The video, which had English subtitles, also showed video clips of U.S. Vice
President Dick Cheney defending his old job at the oil company Halliburton,
and U.S. President George W. Bush at his inauguration. Other scenes show
training at the camp, with masked militants doing martial arts kicks and
practicing hiding and pulling out fold-out knives.

It included the last testament of two of the Sept. 11 hijackers, Wail
al-Shehri and Hamza al-Ghamdi, and showed bin Laden strolling in the camp,
greeting followers. Al-Shehri was on American Airlines Flight 11, which was
the first to hit the World Trade Center. Al-Ghamdi was on United Airlines
Flight 175, which hit the second tower.

"Among the devout group which responded to the order of Allah and order of
his messenger were the heroes of Sept. 11, who wrote with the ink of their
blood the greatest pages of modern history," the narrator said, referring to
the hijackers who flew planes into the Pentagon and World Trade Center.

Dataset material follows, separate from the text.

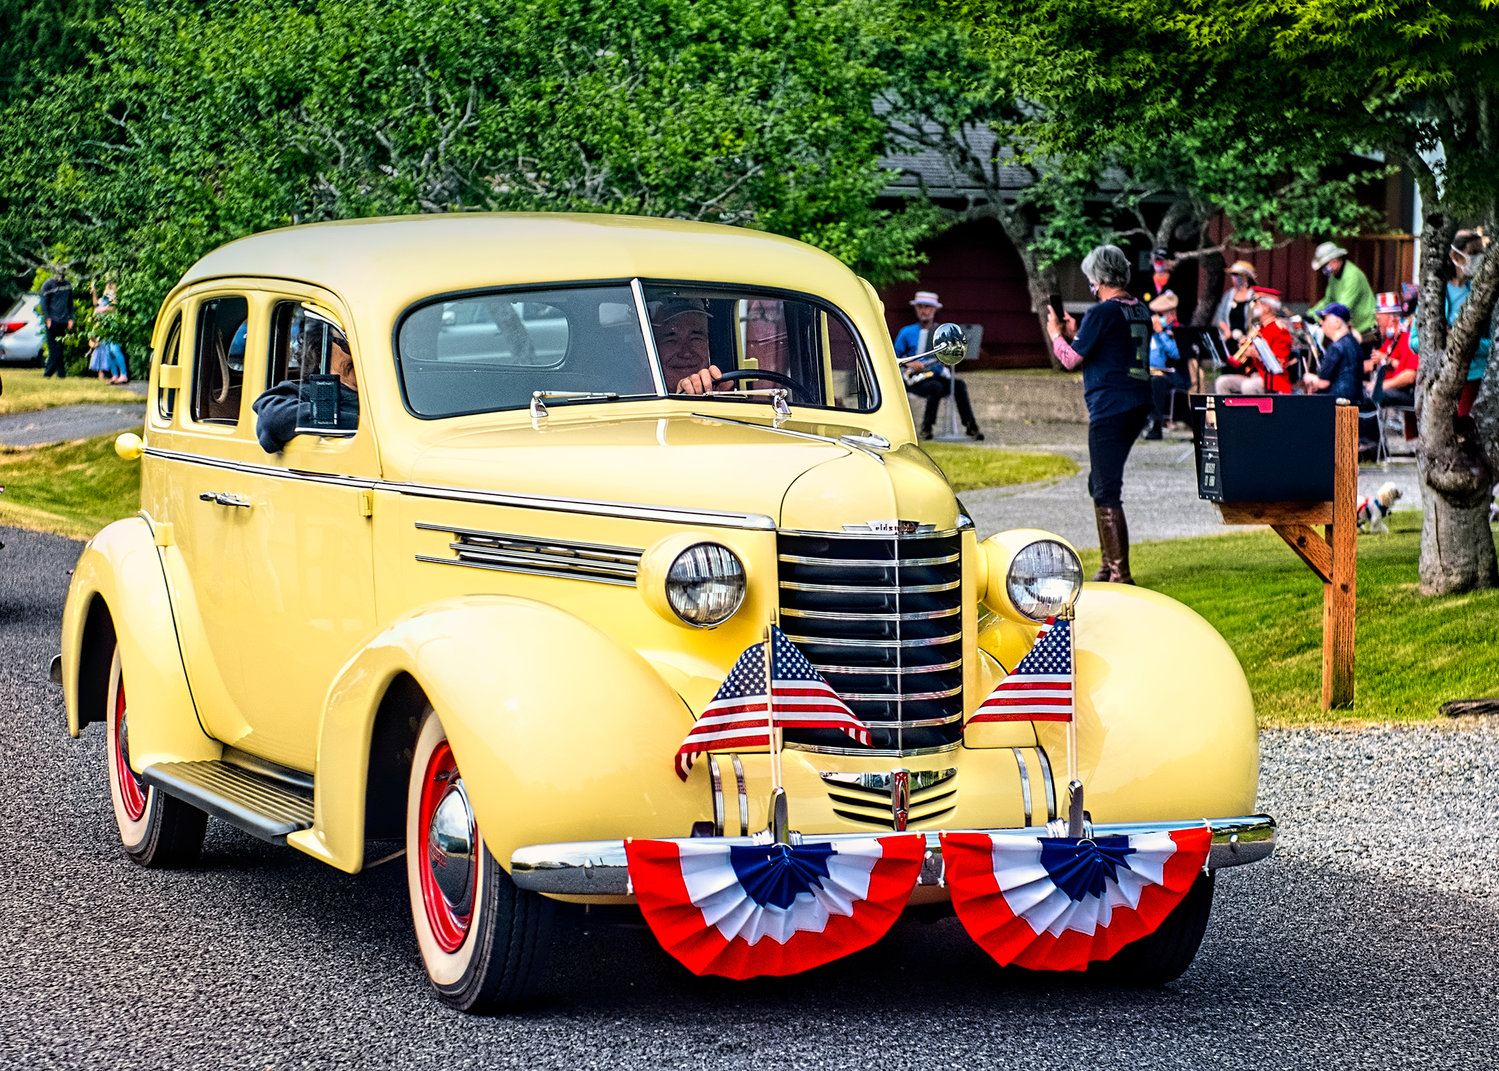 A gorgeous roadster tours the Fourth of July parade route in Home.

In the footage, Bin Laden wore a dark robe and white headdress, and was
shown sitting alongside his former lieutenant Mohammed Atef and Ramzi
Binalshibh, another suspected planner of the Sept. 11 attacks.

Atef, also known as Abu Hafs al-Masri, was killed by a U.S. airstrike on
Afghanistan in 2001. Binalshibh was captured four years ago in Pakistan and
is currently in U.S. custody, and last week Bush announced plans to put him
on military trial.

The video showed events up to 10 years before the Sept. 11 attacks _ U.S.
troops in Saudi Arabia during the 1991 Gulf War and bin Laden preaching to
followers after the 1998 attacks on U.S. embassies in Kenya and Sudan. It
also showed events afterward including a man in an orange jumpsuit at the
U.S. prison in Guantanamo Bay, Cuba.

It was unclear when the tape was made, or how soon before the Sept. 11
attacks the footage of bin Laden was recorded.